----- Materials provided
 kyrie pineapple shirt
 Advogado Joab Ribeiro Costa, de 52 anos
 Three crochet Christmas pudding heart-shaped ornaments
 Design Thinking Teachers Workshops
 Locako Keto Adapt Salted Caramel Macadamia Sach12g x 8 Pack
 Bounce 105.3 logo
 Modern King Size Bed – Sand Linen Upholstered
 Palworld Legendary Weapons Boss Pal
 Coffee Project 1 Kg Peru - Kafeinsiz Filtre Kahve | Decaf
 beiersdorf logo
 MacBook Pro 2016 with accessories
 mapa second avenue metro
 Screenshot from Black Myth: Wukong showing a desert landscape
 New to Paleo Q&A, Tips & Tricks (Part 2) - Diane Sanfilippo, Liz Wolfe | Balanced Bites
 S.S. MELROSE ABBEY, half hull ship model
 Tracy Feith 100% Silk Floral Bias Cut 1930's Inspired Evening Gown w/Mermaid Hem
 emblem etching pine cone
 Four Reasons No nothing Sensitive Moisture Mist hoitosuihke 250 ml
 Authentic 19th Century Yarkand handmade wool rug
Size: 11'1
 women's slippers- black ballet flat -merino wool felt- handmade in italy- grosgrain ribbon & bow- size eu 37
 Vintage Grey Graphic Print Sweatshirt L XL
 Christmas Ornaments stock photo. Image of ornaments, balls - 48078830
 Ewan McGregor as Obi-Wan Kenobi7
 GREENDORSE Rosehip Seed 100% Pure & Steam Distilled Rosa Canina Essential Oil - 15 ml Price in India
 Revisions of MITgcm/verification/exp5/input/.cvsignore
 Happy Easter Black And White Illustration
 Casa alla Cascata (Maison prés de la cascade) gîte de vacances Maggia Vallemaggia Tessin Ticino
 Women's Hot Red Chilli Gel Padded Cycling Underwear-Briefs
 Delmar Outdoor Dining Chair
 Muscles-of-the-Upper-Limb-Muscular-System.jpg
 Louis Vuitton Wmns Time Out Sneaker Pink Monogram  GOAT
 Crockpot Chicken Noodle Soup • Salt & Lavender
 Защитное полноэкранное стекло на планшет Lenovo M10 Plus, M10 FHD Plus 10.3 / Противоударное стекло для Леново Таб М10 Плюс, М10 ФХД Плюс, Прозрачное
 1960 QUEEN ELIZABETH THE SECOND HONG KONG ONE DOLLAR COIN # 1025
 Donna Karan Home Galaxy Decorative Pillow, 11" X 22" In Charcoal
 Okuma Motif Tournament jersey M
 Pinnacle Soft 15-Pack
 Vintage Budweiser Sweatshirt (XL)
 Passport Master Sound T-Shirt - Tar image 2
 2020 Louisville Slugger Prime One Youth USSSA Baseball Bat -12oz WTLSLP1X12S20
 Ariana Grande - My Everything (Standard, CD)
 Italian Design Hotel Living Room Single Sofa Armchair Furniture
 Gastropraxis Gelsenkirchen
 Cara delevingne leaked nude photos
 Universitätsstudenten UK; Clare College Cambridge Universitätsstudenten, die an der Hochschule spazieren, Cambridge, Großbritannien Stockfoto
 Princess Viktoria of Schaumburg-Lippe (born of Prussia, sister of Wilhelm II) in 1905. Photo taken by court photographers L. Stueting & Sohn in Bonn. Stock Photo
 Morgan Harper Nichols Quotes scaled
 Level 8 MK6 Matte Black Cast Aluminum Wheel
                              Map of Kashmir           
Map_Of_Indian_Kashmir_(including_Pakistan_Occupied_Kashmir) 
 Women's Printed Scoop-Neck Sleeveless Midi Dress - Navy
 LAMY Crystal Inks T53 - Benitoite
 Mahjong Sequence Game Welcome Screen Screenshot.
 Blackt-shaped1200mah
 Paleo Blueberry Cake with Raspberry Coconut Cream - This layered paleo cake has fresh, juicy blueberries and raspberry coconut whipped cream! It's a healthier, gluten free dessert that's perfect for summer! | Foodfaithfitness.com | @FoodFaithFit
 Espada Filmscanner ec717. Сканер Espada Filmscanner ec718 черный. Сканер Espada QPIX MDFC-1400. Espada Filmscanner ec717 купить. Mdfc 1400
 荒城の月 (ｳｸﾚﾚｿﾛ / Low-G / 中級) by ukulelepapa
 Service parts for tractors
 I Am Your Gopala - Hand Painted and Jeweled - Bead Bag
----------
Reproduce word for word the material above, starting with the line that has "Vintage Grey Graphic Print Sweatshirt L XL" and stopping after the line that has "Crockpot Chicken Noodle".

 Vintage Grey Graphic Print Sweatshirt L XL
 Christmas Ornaments stock photo. Image of ornaments, balls - 48078830
 Ewan McGregor as Obi-Wan Kenobi7
 GREENDORSE Rosehip Seed 100% Pure & Steam Distilled Rosa Canina Essential Oil - 15 ml Price in India
 Revisions of MITgcm/verification/exp5/input/.cvsignore
 Happy Easter Black And White Illustration
 Casa alla Cascata (Maison prés de la cascade) gîte de vacances Maggia Vallemaggia Tessin Ticino
 Women's Hot Red Chilli Gel Padded Cycling Underwear-Briefs
 Delmar Outdoor Dining Chair
 Muscles-of-the-Upper-Limb-Muscular-System.jpg
 Louis Vuitton Wmns Time Out Sneaker Pink Monogram  GOAT
 Crockpot Chicken Noodle Soup • Salt & Lavender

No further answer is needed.